Considering that even a significant number of attorneys remain relatively unfamiliar with mediation, it should come as no surprise that the parties themselves rarely have a strong initial grasp of what to expect from the professional overseeing the process. In fact, mediators are characterized by a diverse set of philosophies and approaches, though three main categories seem to predominate.
Mediation professionals come from a wide array of educational backgrounds and may have attained credentials from one or more formal accreditation organizations. Ultimately, a lawyer and his or her client should carefully assess their objectives for the mediation and try to select a professional with whom they are comfortable.
Parties to a dispute who expect a mediator to provide a disinterested, third-party view of the disagreement at issue will likely tend toward choosing an evaluative mediation professional. Such an individual may be selected in order to provide a sort of handicap for a case, in essence predicting the likelihood that a given side will prevail in litigation.
This sort of mediation is viewed by some as a kind of test run used to gauge the strengths and weaknesses of a case in advance of an eventual trial. However, this type of process, in which the mediator does not engage deeply with the critical issues and questions of the case, is unlikely to do much with regard to facilitating a mutually agreeable resolution.
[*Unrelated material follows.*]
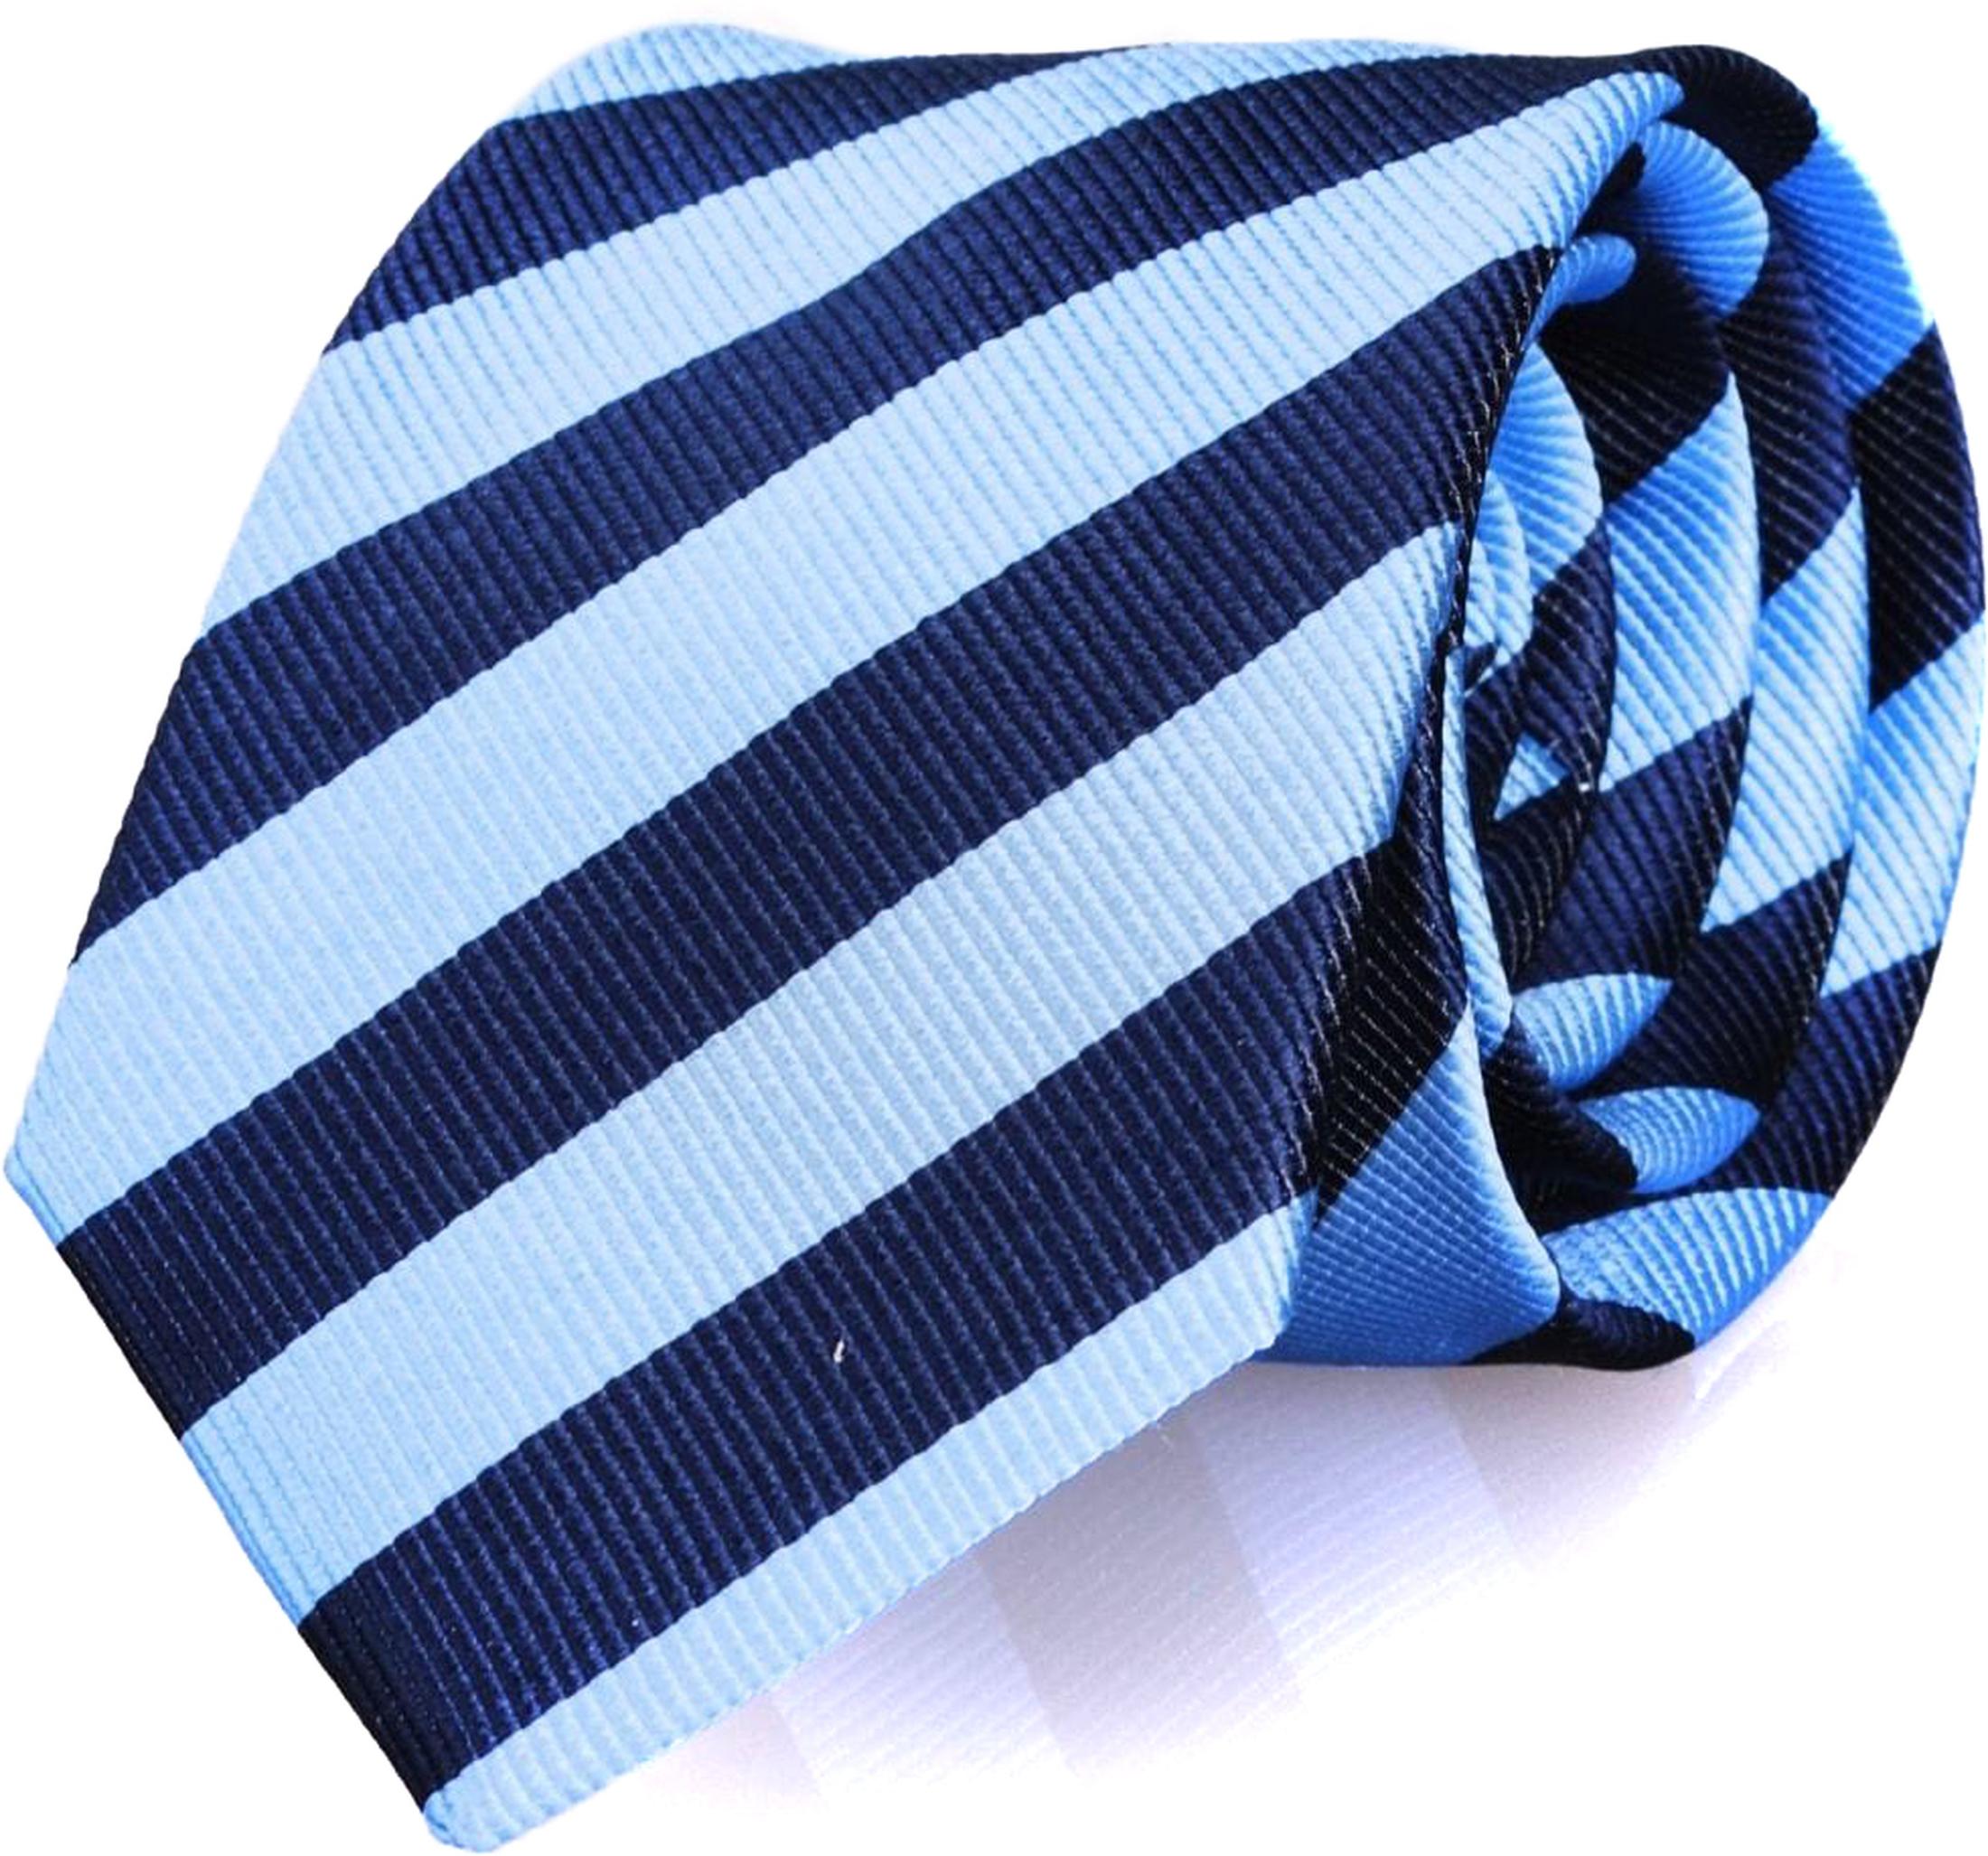 Silk Tie Blue + Navy Striped FD13 foto 0

In a process overseen by a facilitative mediator, the parties will be brought together in order to give a comprehensive airing to both sides of the dispute. Such a professional will work to identify the underlying motivations behind each position and assist with the development of potential solutions.
Though this approach is valuable in that it places an emphasis on an exchange of information between the parties, facilitative mediators do not customarily offer opinions on likely litigation outcomes or advice about how to proceed. For these reasons, a third, more global mediation technique may in fact prove most effective in fostering enduring, mutually acceptable resolutions.
Arguably the most thoroughly involved of the three main types of mediation professionals, the interventionist is someone willing to jump into a discussion with both feet, assimilate a great deal of information about the underlying issues and isolate the hurdles standing in the way of resolution and a resumption of business as usual for both sides.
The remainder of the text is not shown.